◆ **Action item**: From the line with "Image size: 26" to the final line of the data below, please write out every line exactly, with no pictures.

◆ **Data**:

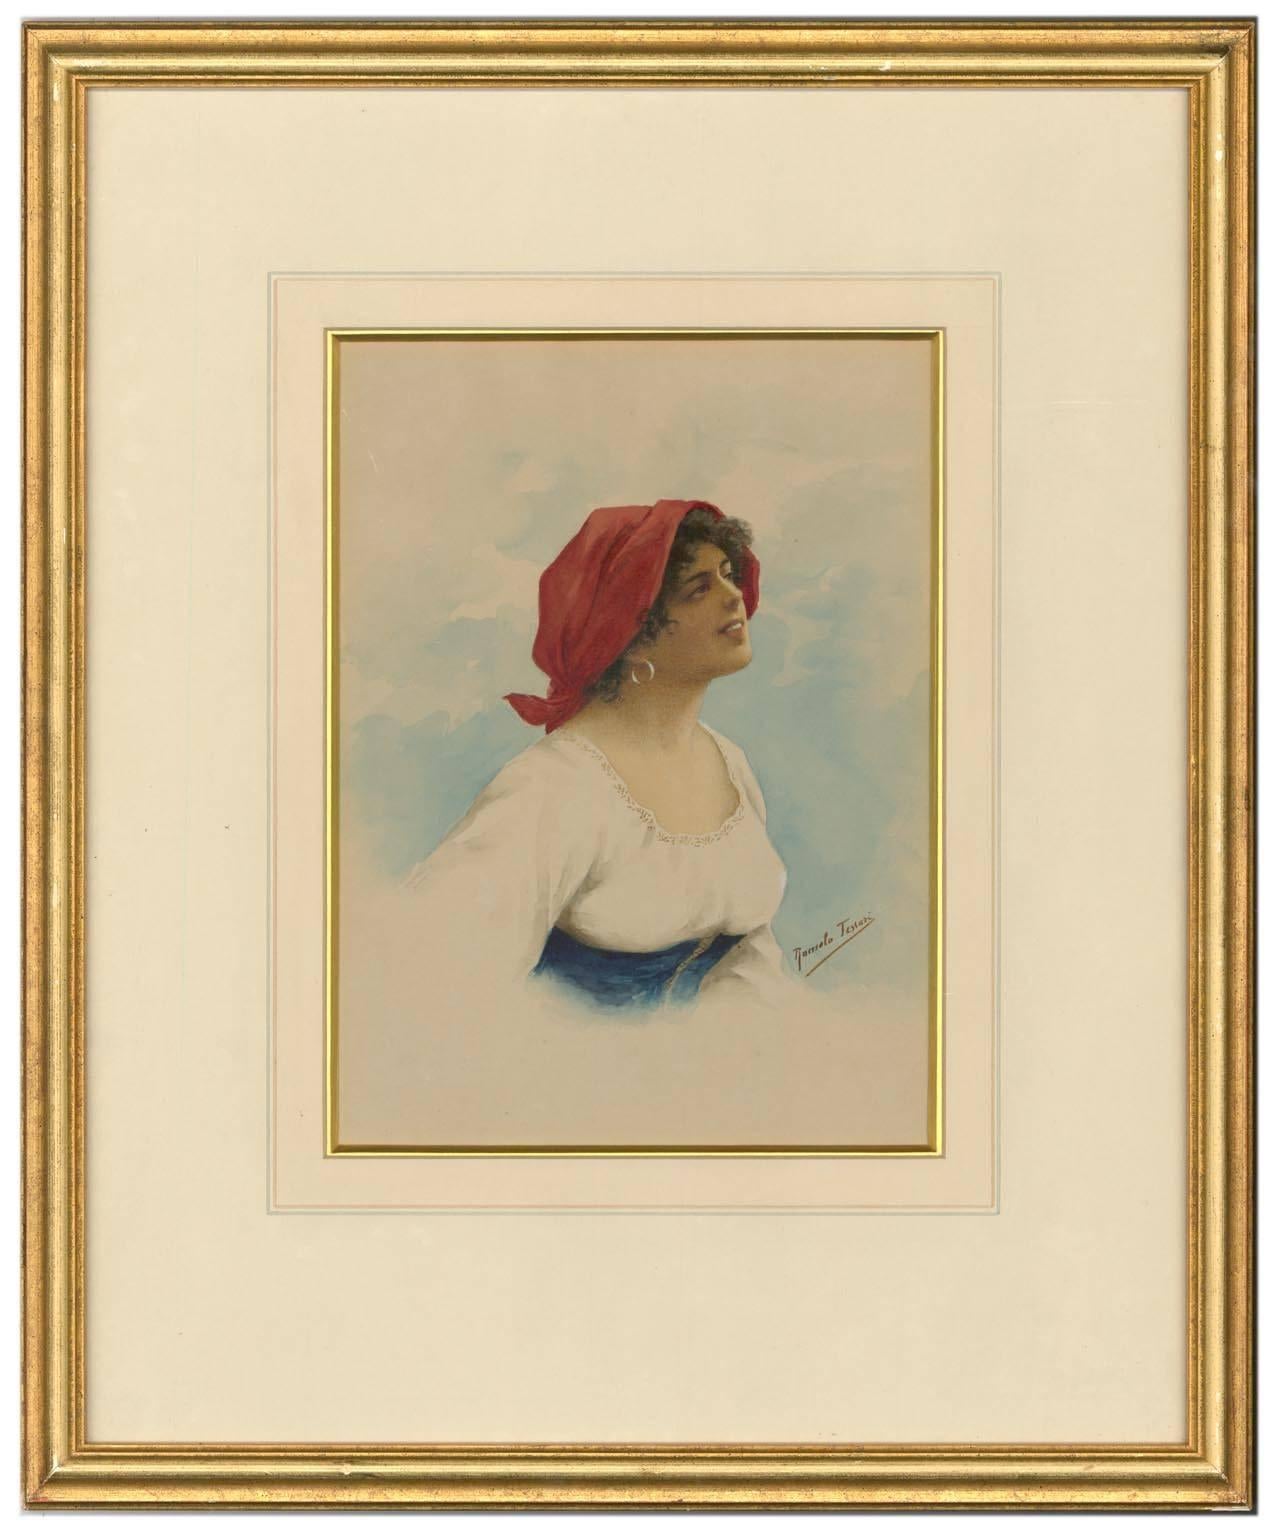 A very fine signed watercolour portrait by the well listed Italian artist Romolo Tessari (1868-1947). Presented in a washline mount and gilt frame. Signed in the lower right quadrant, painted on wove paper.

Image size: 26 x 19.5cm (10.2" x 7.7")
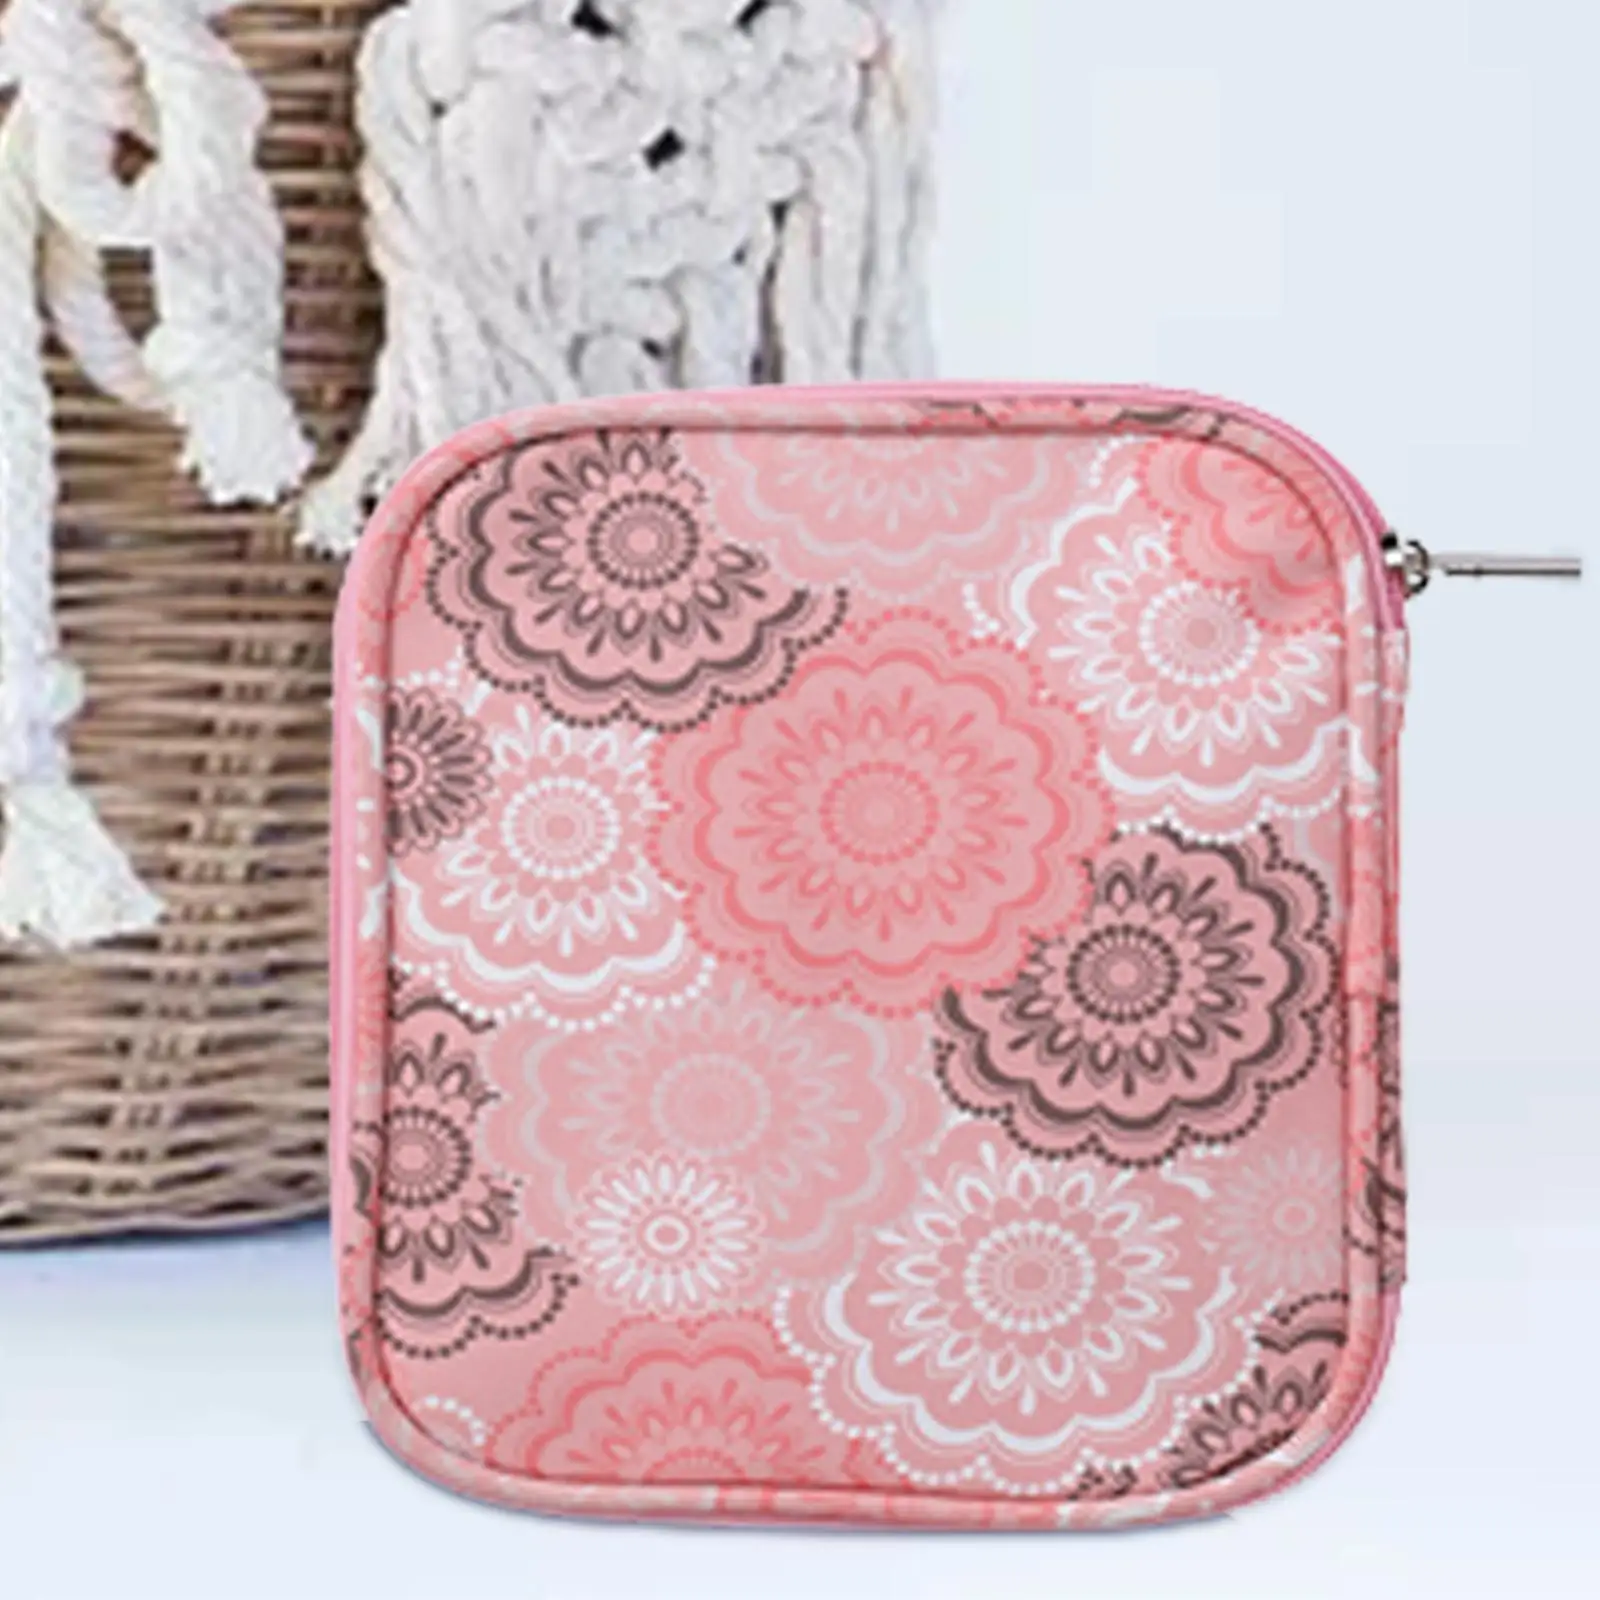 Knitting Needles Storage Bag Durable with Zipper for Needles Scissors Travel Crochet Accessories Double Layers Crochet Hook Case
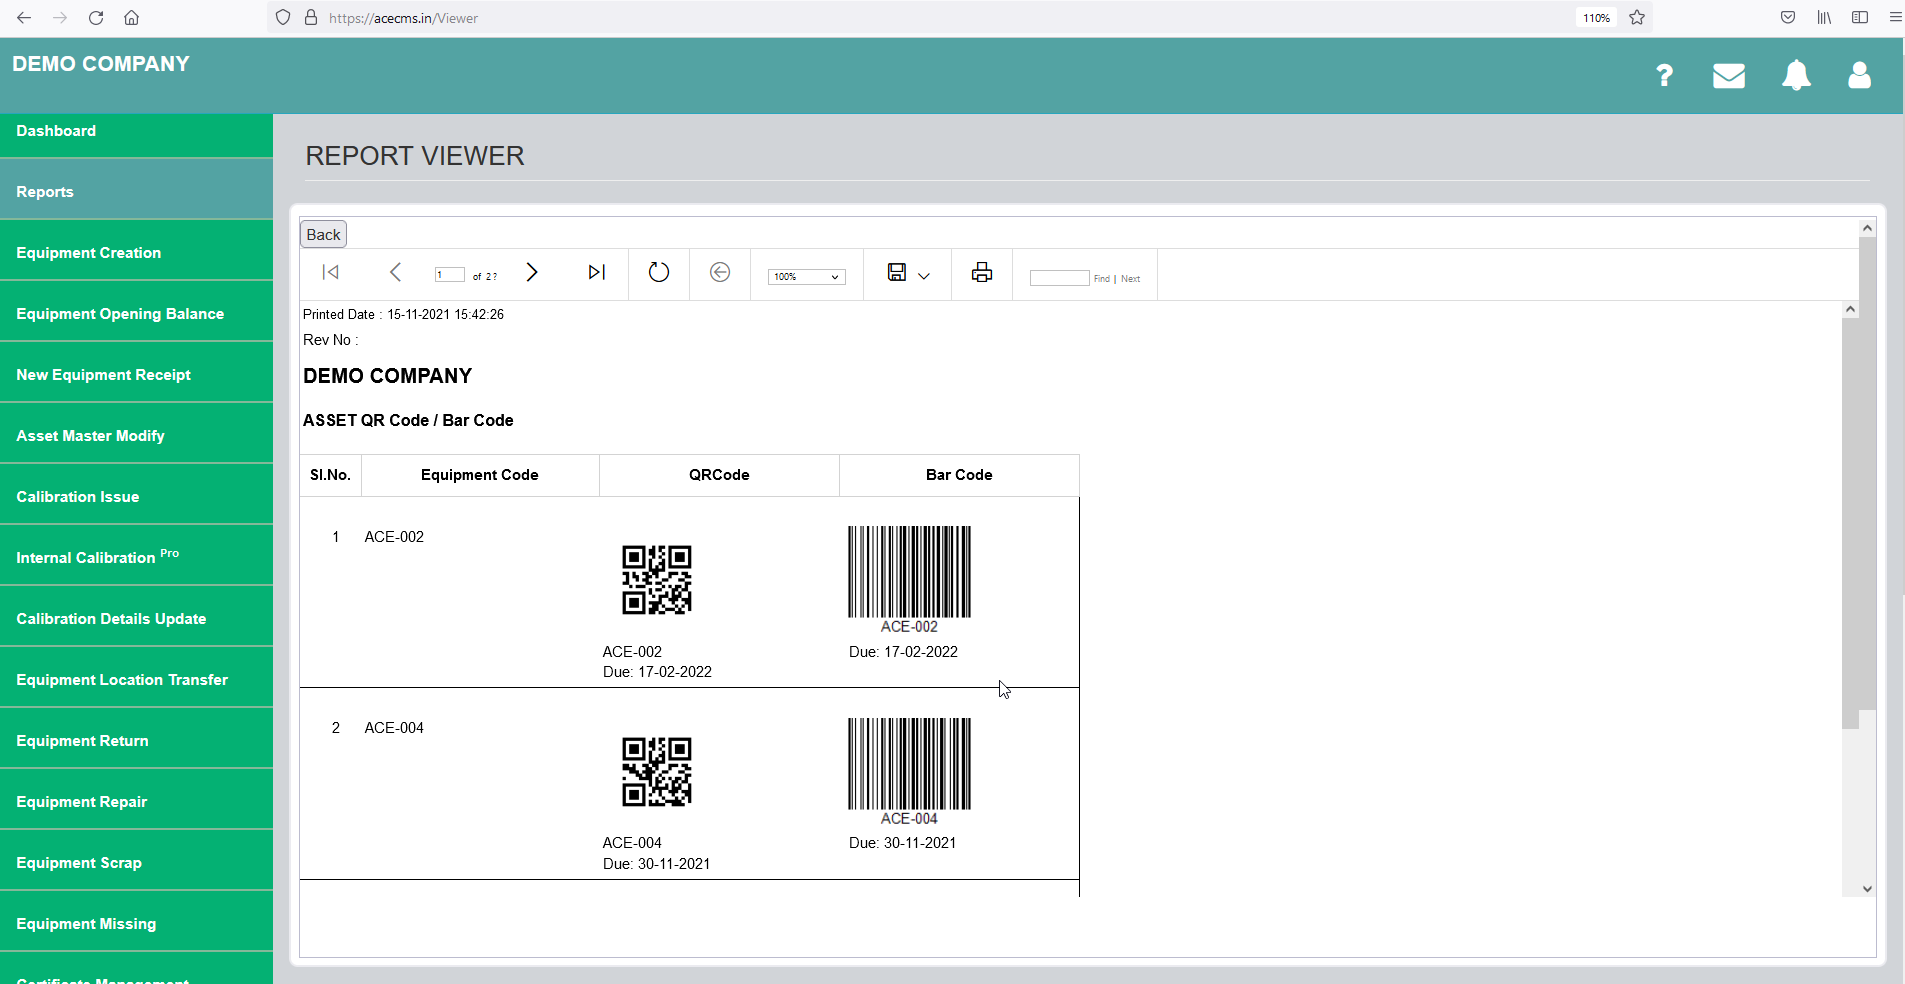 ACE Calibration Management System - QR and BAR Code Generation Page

◆ **Solution to the exercise**:
Image size: 26 x 19.5cm (10.2" x 7.7")
 Knitting Needles Storage Bag Durable with Zipper for Needles Scissors Travel Crochet Accessories Double Layers Crochet Hook Case
 ACE Calibration Management System - QR and BAR Code Generation Page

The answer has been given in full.